Противовоздушная оборона на побережье Балтики была сильной, прорваться к цели, особенно первым самолетам, без подготовки вряд ли было возможно. Крупные важные объекты стратегического назначения противник защищал заградительным огнем. Перед бомбардировщиками вставала сплошная стена смертоносного огня. На малых и на больших высотах одновременно разрывались сотни снарядов различного калибра, тысячи трассирующих пуль летели в различных направлениях, ослепляя глаза, шарили по небу лучи прожекторов. На маршруте, на подходе к цели нас встречали истребители врага, они тоже вели огонь из пушек и пулеметов. Где-то в темноте были аэростаты заграждения. И все это направлено против наших бомбардировщиков. Прорваться к цели было нелегко.

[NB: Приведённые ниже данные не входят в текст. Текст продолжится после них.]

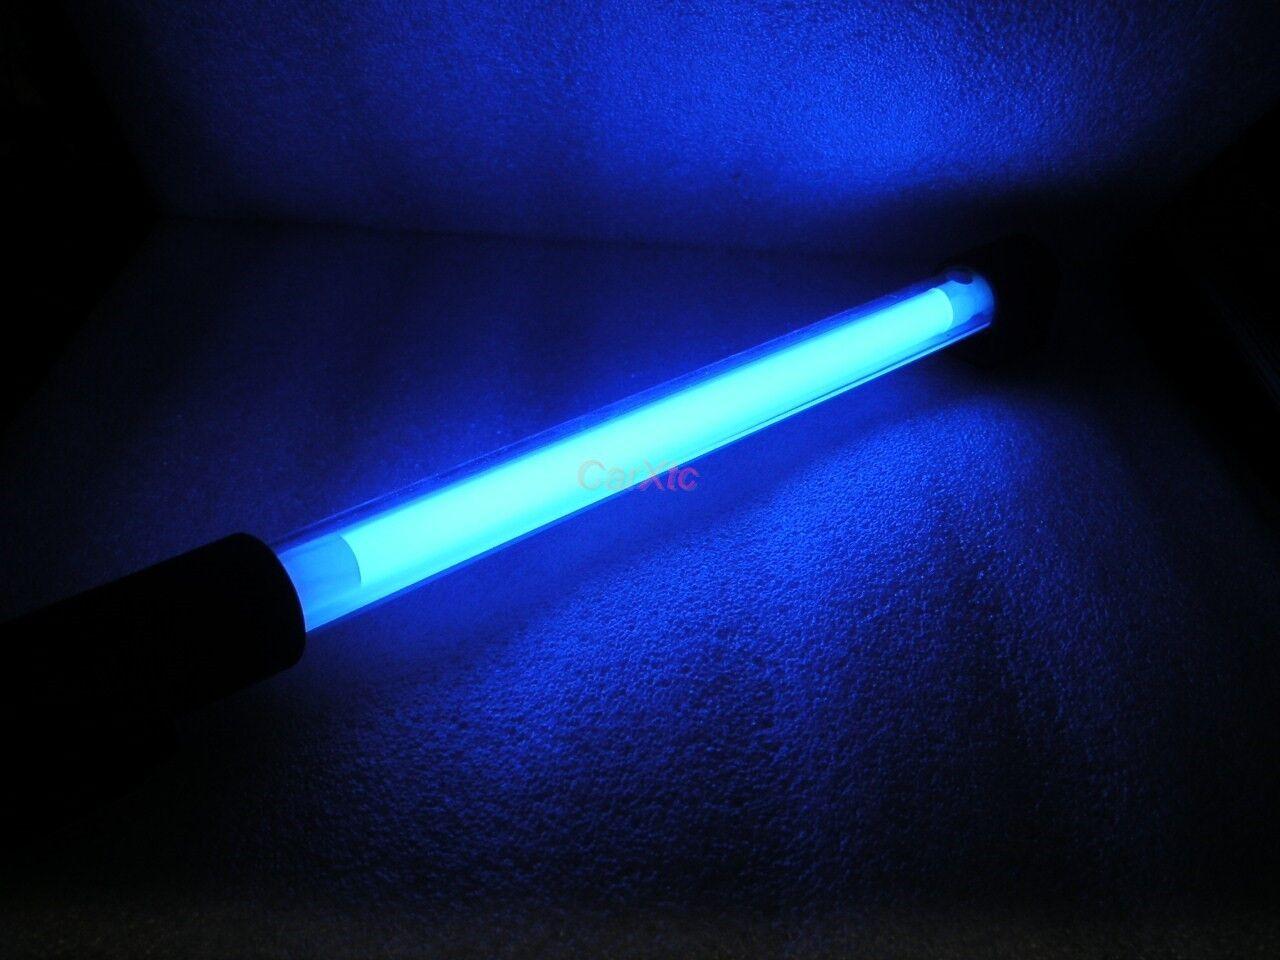 Neon Car Lights: 12 Inch Blue Neons - Glow N Street Neon Car Lighting

Сложно передать картину воздушных боев, в которых участвовали дальние бомбардировщики. Представить даже трудно страшную картину воздушного штурма, а мы за две ночи четыре раза прорывались сквозь пекло войны.
Помогла хорошая, четкая организация. Теперь не сорок первый год, все продумано до мелочей. Самолетов в воздухе много, все они подходят к цели по заранее расписанному графику. Цель беспрерывно освещалась САБами.
И вот первые бомбы возмездия посыпались на зенитные батареи и аэродромы, откуда могли действовать истребители противник». И это позволило в последующем выполнить задачу блестяще. К концу бомбардирования на вторую ночь противовоздушная оборона врага была подавлена, заданные для бомбардирования объекты горели. Массированные налеты наших бомбардировщиков имели огромное значение.
О выполнении сложной задачи появилось немало материалов в печати. Один из репортажей написал наш старый и испытанный друг военный журналист С. Красильщик. Вот этот фронтовой материал.
«Аэродром одной части авиации дальнего действия. По огромному снежному полю рассредоточены самолеты. На фюзеляжах многих машин, с целью маскировки, окрашенных в белый цвет, четко выделяются надписи: «Беспощадный», «Мститель», «Отважный».
Тишина нарушается гулом запускаемых моторов. Техники в последний раз опробывают их, и члены экипажей занимают свои места. Один за другим самолеты рулят к старту. Взлетают летчики Харитонов, Коваль, Виноградов, Робуль, Чижов и другие.
Десятки экипажей уходят на выполнение боевого задания.
...За штурвалом нашего самолета – дважды Герой Советского Союза Александр Молодчий. Рядом с ним второй летчик гвардии младший лейтенант Петр Шелудько. Наша машина летит над ленинградской землей, недавно освобожденной от врага. Исключительно ясная погода облегчает ориентировку. Хорошо просматриваются железные, шоссейные дороги. По мере того, как мы набираем высоту, понижается температура. Холод достигает 46 градусов ниже нуля.
В составе экипажа – ленинградец, воздушный стрелок Васильев. Семья Алексея Васильева погибла в осажденном городе от голода.
Позади уже остались многие сотни километров. Приближаемся к Финскому заливу. Резко выделяется береговая линия. Летим над заливом, а вдали, на том берегу, уже видна цель.
Интенсивно бьет зенитная артиллерия противника, по небу шарят десятки прожекторов. Лавируя среди зенитного огня, Молодчий ведет самолет к намеченному объекту. Пройдена зона заградительного огня. Прожекторы на короткое время поймали нашу машину, начинают бить зенитки, огненно-красные шары совсем рядом, отчетливо слышен грохот разрывов.